Por Crisólogo Bonavita *
“Datos estadísticos, porcentajes de víctimas, números de contagiados y fallecidos. El noticiero abundaba en cifras. En tanto, el mal continuaba dominando las ciudades mientras limpiaba el planeta de sus verdaderos enemigos: los humanos”.
El Dante (pero antes muchos otros) hizo su célebre descenso a los infiernos en la mitad del camino de su vida. Abandonando toda esperanza, tal como le indicaba el cartel de malvenida, atravesó el umbral infernal y recorrió las terribles instalaciones confiado en que su lugar no estaría allí. Como es de público conocimiento, recorrería el infierno, el purgatorio y el aburrido paraíso (ya sin su guía turístico romano) para llegar a la sonrisa de su amada Beatriz, en cuya contemplación encontraría el fin de su excursión y el sentido de su existencia.
Antes y después de tal viaje, muchas han sido las peregrinaciones infernales y todas han tenido un elemento en común: la idea de que meterse en el infierno siempre implica un descenso. ¿Pero qué ocurriría si, por el contrario, fuese el infierno el que ascendiera y se apoderara de todo cuanto existe, y, peor aún, ya no cupiera entonces conservar siquiera la esperanza de algún lugar al que poder huir? La última novela de Guillermo Saccomano, Soy la peste, escrita durante la presente pandemia (y durante la etapa más rigurosa de la cuarentena: abril- junio), expresa de un modo contundente cómo el mundo cotidiano que a veces nos resulta tan amable puede volverse inhabitable, y cómo el infierno puede emerger sin que el caminante haya decidido ir en su busca.

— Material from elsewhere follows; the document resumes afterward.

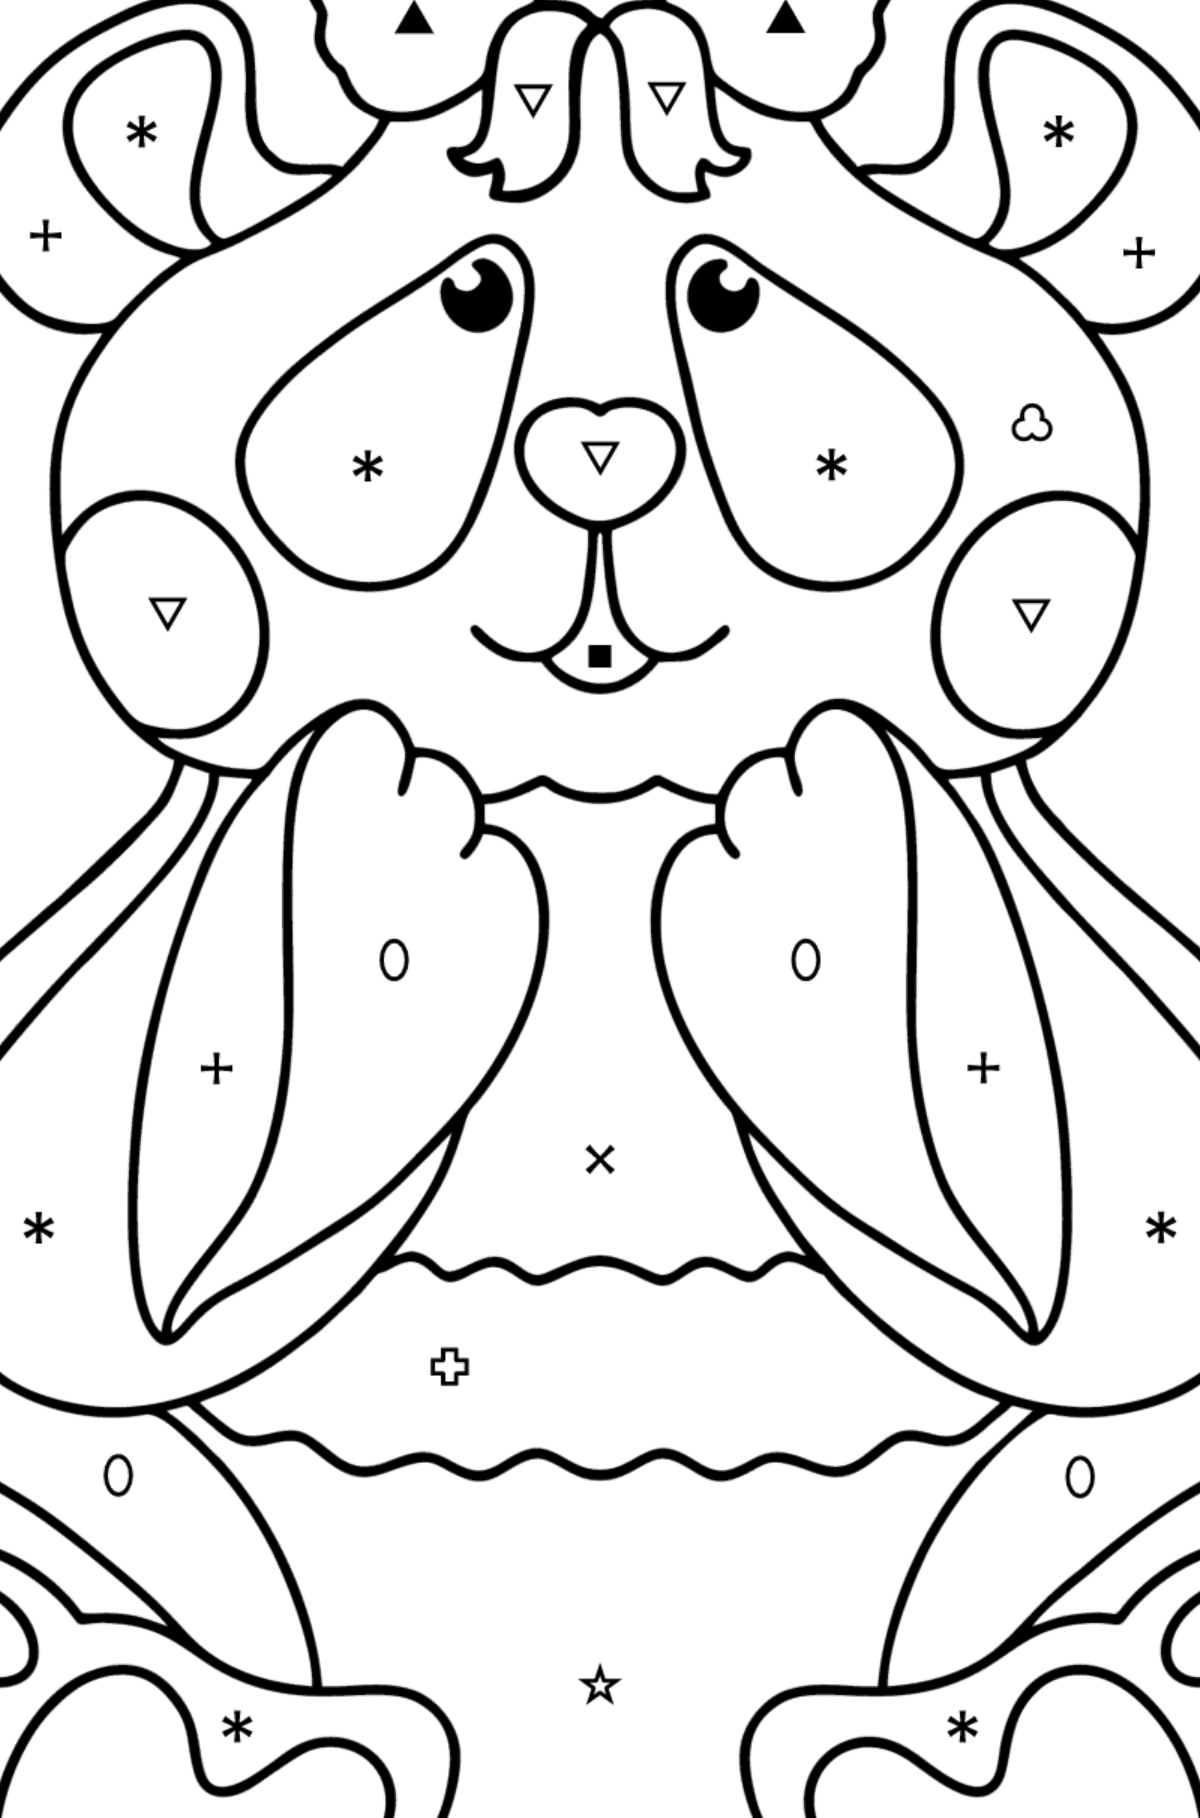 Kolorowanka panda kochanie - Kolorowanie według symboli i figur geometrycznych dla dzieci

El adolescente, que tras envenenar a sus padres, a su tío, a su afectado hermano y a su abuela, emprende su periplo callejero por una metrópolis que es nieve, frío, barro, desolación y furia hedionda, registra el Mal que todo lo infecta y lo pudre, y asiste al espectáculo de la descomposición de cuanto le rodea. Los cuerpos yacientes en las calles, ya liberados de sus miserias, se amontonan y son arrastrados y saqueados por una minoría sobreviviente que se recela y se rige por la ley del más fuerte. Hienas, elefantes, tigres, lagartos, extranjeros y criollos putrefactos, conforman un ecosistema decadente y brutal en el que nuestro joven (¿nuestro?) camina al azar buscando las aguas marítimas que lo purifiquen y rediman del horror en que va convirtiéndose él también. La oscuridad del relato es patente. Y no menos oscuras son las indagaciones a que nos obliga este jovencito que, en su afán por sobrevivir, demuele los presuntos valores de una civilización en bancarrota.

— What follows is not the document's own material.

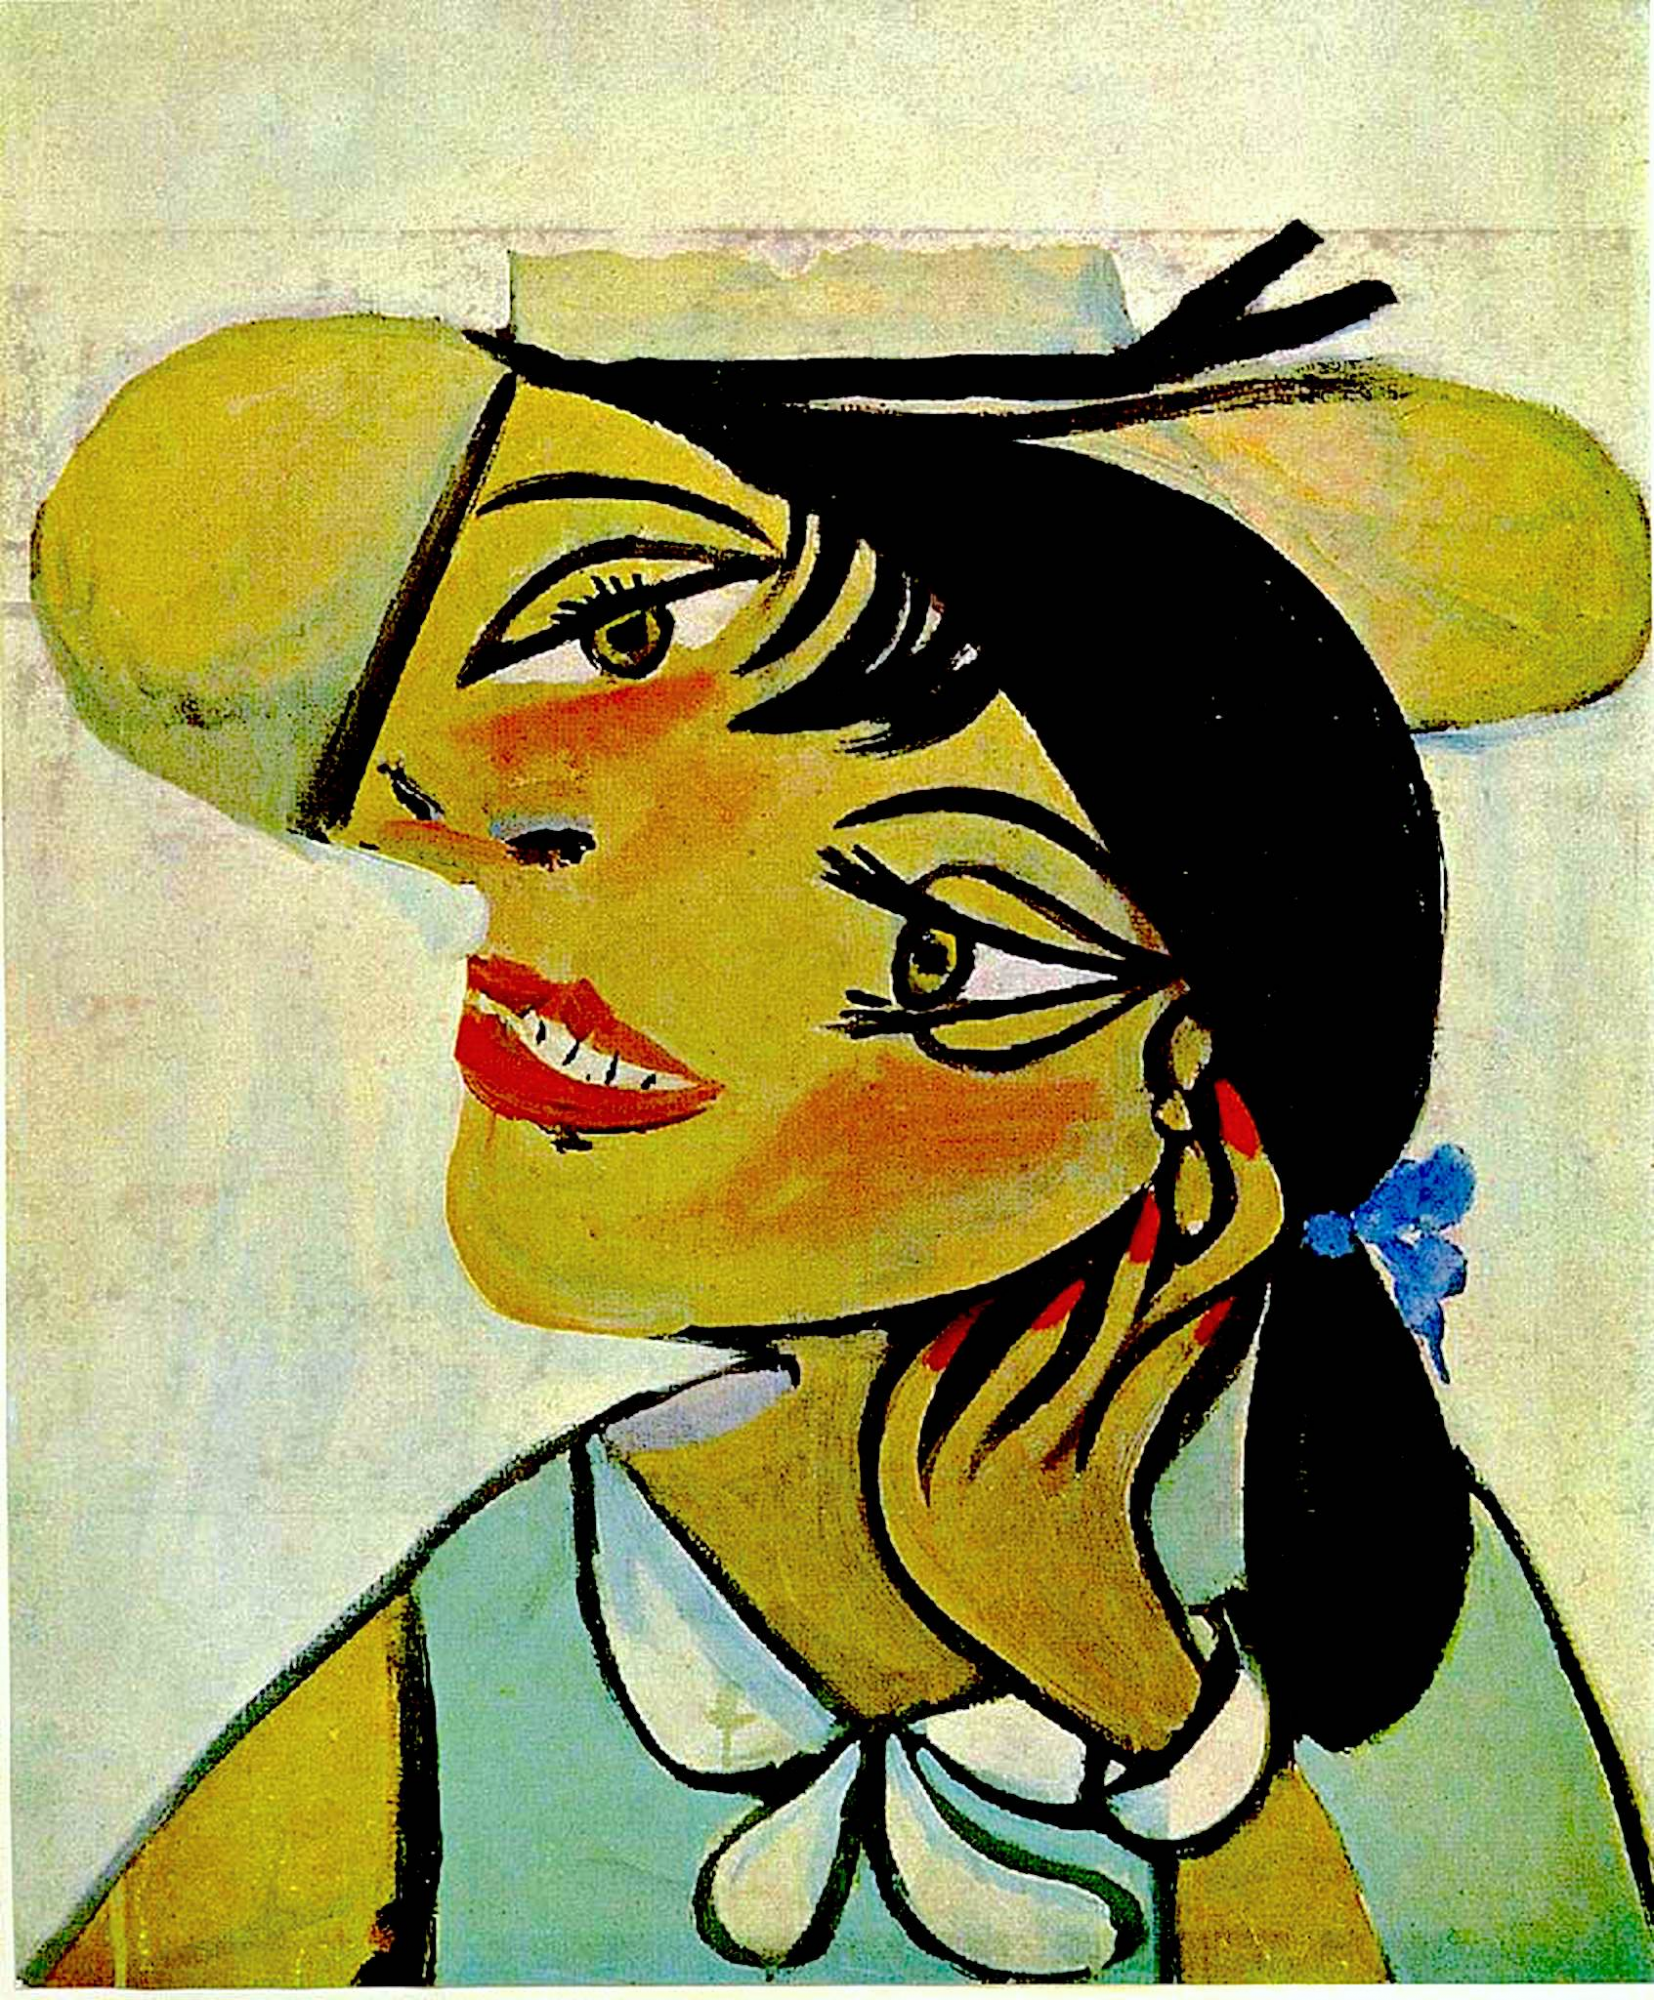 ajo Disfraces As Mujer con cuello de armiño (Olga) - Pablo Picasso - Historia Arte (HA!)

Según los cartógrafos tradicionales el infierno, en tanto inframundo, casi siempre implica una lejanía temporal y espacial. Pero fue Italo Calvino quien escribió que hay otro infierno más terrible y más inminente: el infierno de los vivos. Y que solo hay dos maneras de hacerle frente:
El infierno de los vivos no es algo que será; hay uno, es aquél que existe ya aquí, el infierno que habitamos todos los días, que formamos estando juntos. Dos maneras hay de no sufrirlo. La primera es fácil para muchos: aceptar el infierno y volverse parte de él hasta el punto de no verlo más. La segunda es peligrosa y exige atención y aprendizaje continuos: buscar y saber reconocer quién y qué, en medio del infierno, no es infierno, y hacerlo durar, y darle espacio. (Las ciudades invisibles)

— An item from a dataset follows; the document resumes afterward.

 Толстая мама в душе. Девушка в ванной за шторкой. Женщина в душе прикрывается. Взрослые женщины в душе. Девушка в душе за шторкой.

El antihéroe de Saccomano nos recuerda el peligro de que sea el infierno el que se apodere de nosotros al punto de perder de vista, en el extremo de la alienación, dónde termina uno mismo y dónde empieza ese infierno que nos ha hecho su prisionero. Quizás quepa la esperanza de conservar la lucidez suficiente como para advertir ese exacto momento en que el infierno empieza a vencernos, y tomar una decisión, aunque fatal, que impida al infierno multiplicarse. Acaso eso expresa, entre muchas otras cosas, la formidable escena de “El exorcista” en la que el cura, adivinando la posesión diabólica de que será víctima, resuelve arrojarse por la ventana, evitando de ese modo ser el artífice de la propagación del mal. Tendemos a señalar la paja en el ojo ajeno, olvidando (tratando de olvidar) que el infierno muchas veces puede ser uno mismo. Como una trompada a la mandíbula, un vómito visceral o un grito desesperado, Soy la peste nos despabila y nos incita a indagar nuestros infiernos más temidos: esos que nos habitan y esperan, agazapados, el estallido que los libere.
* Profesor de Literatura, egresado de la Facultad de Filosofía y Letras (UNLP).